Kadonsky v. Lee

Citation452 N.J.Super. 198,172 A.3d 1090
Decision Date31 October 2017
Docket NumberDOCKET NO. A–3324–14T4
Parties Steven KADONSKY, Appellant, v. Steve C. LEE, Acting Director of the Division of Consumer Affairs, Respondent.
CourtNew Jersey Superior Court – Appellate Division

Joseph L. Linares argued the cause for appellant (Walsh Pizzi O'Reilly Falanga LLP, attorneys; Marc D. Haefner, Selina M. Ellis and Mr. Linares, on the briefs).

Jodi C. Krugman, Deputy Attorney General, argued the cause for respondent (Christopher S. Porrino, Attorney General, attorney; Andrea M. Silkowitz, Assistant Attorney General, of counsel; Ms.

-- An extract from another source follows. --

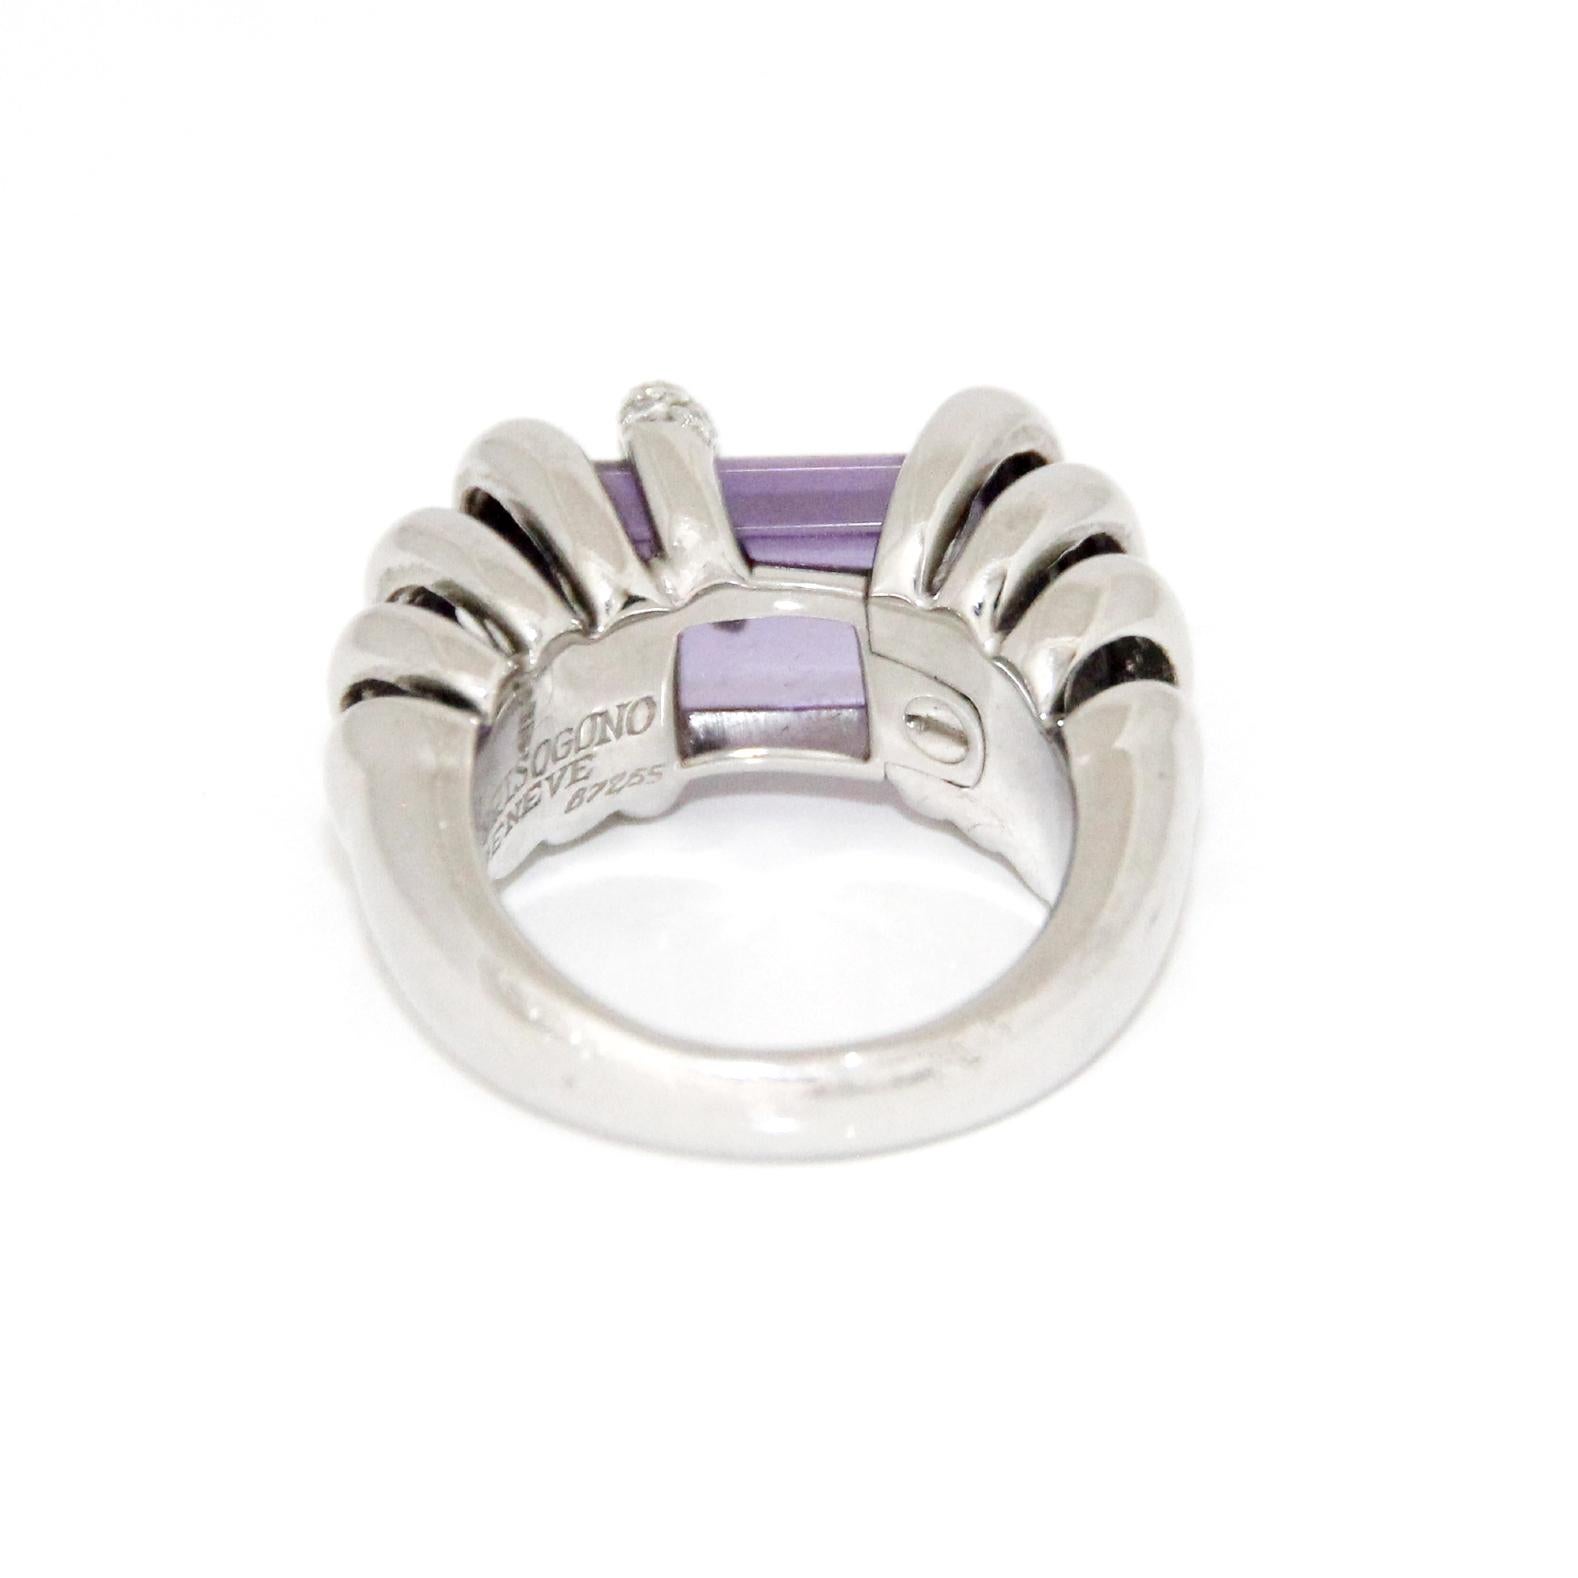 Brilliant Cut De Grissogono Diamond Ring 18K White Gold For Sale
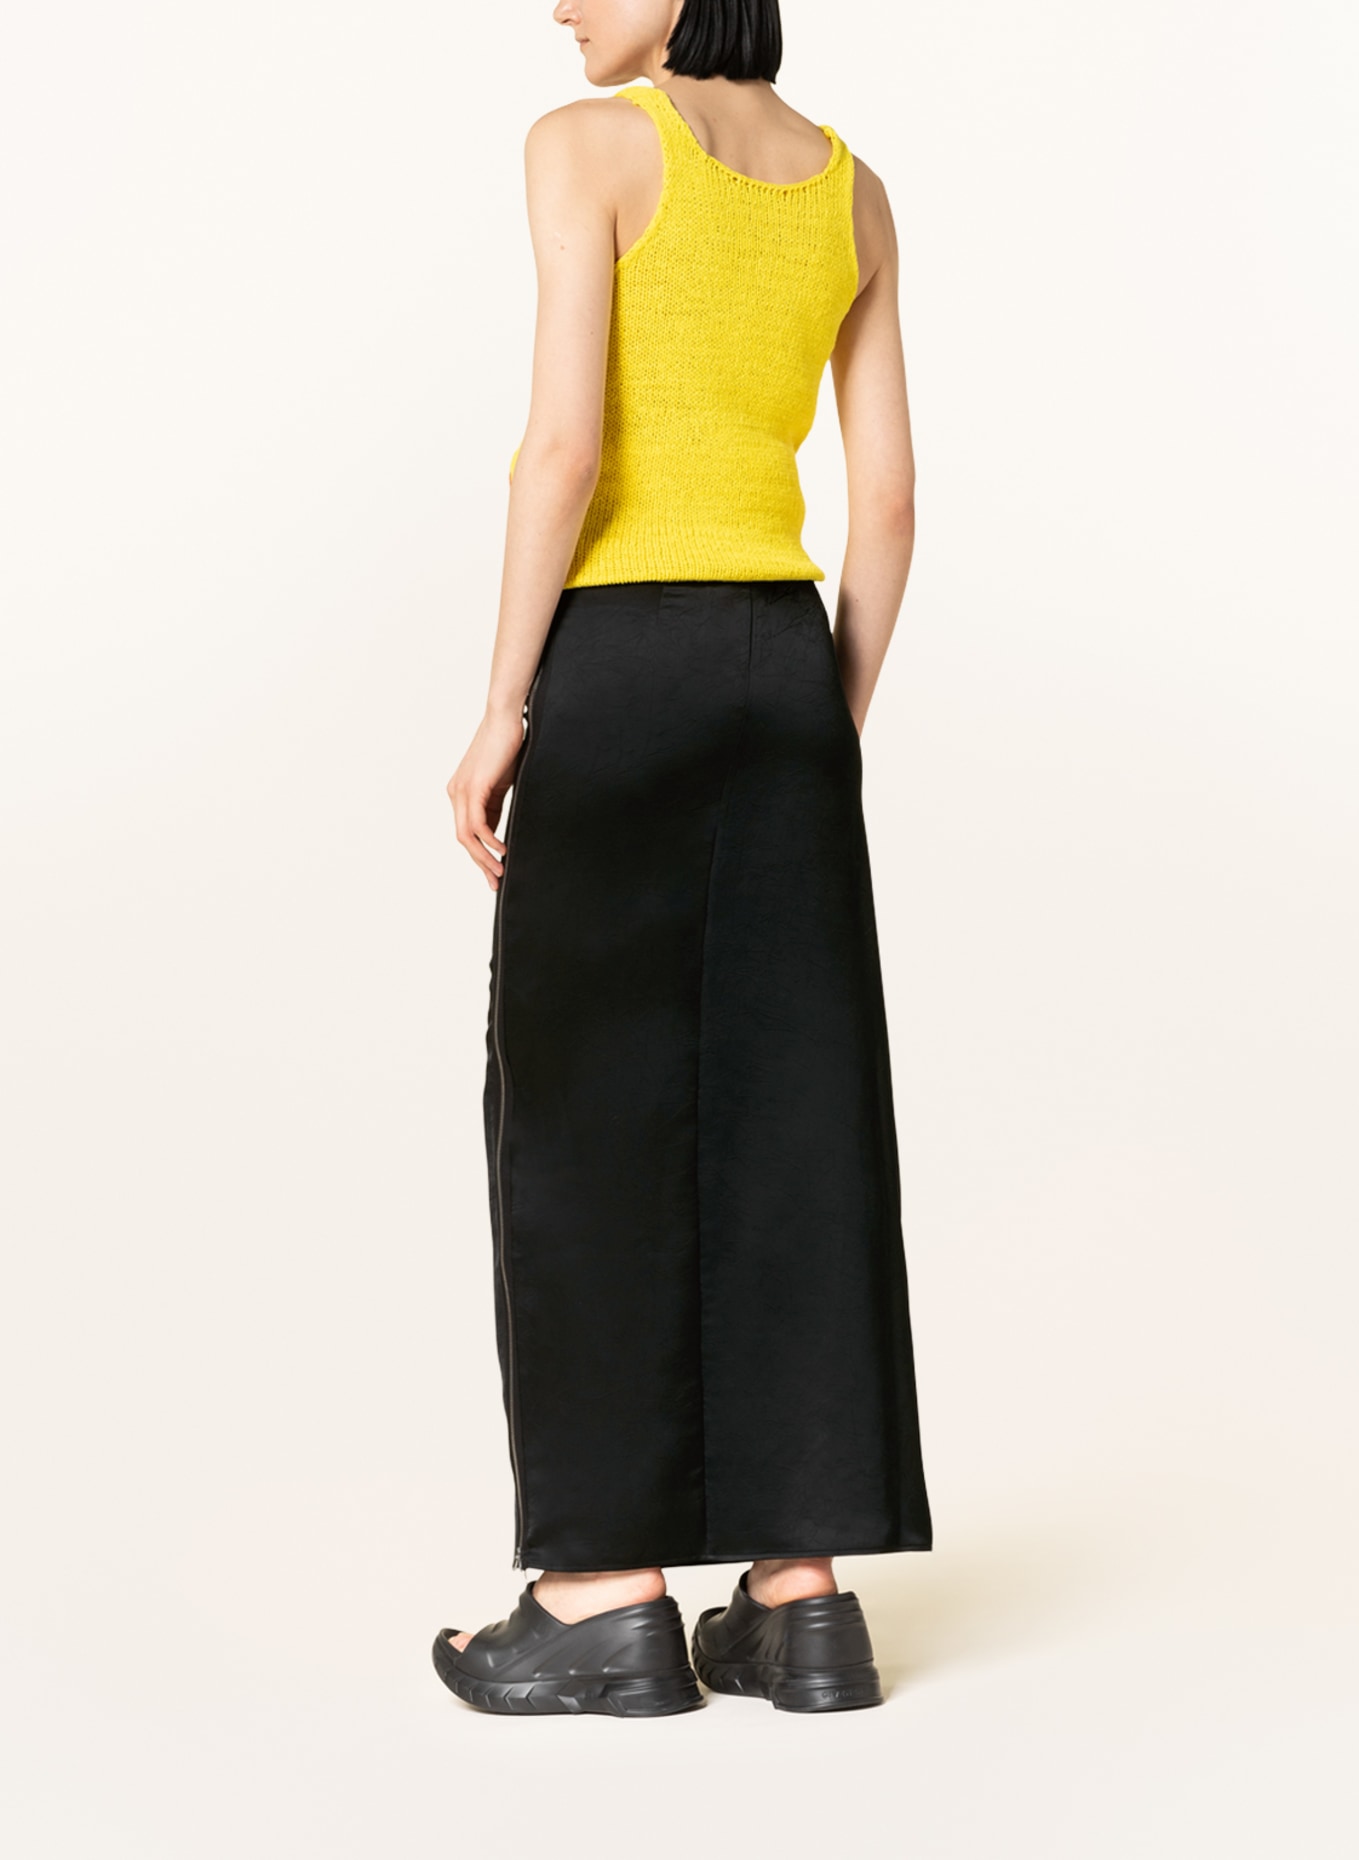 JW ANDERSON Satin skirt, Color: BLACK (Image 3)

Krugman, on the brief).

Barbour & Associates, LLC, attorneys for amicus curiae, L.B. on behalf of G.B. (Roger A. Barbour, on the brief).

Before Judges Messano, Espinosa, and Guadagno (Judge Espinosa dissenting).

The opinion of the court was delivered by GUADAGNO, J.A.D. (retired and temporarily assigned on recall).

In January 2014, Steven Kadonsky, an inmate serving a sentence for marijuana trafficking,1 filed a petition with the Director of the Division of Consumer Affairs (Division) seeking to have marijuana rescheduled from a Schedule I controlled dangerous substance to Schedule IV.2 Kadonsky argued that because the Legislature determined that marijuana had "a beneficial use ... in treating or alleviating the pain or other symptoms associated with certain debilitating medical conditions" when it passed the New Jersey Compassionate Use Medical Marijuana Act (CUMMA), N.J.S.A. 24:6I–1 to –16, in 2010, marijuana no longer satisfied one of the requirements for inclusion in Schedule I, that the substance "has no accepted medical use in treatment," N.J.S.A. 24:21–5(a).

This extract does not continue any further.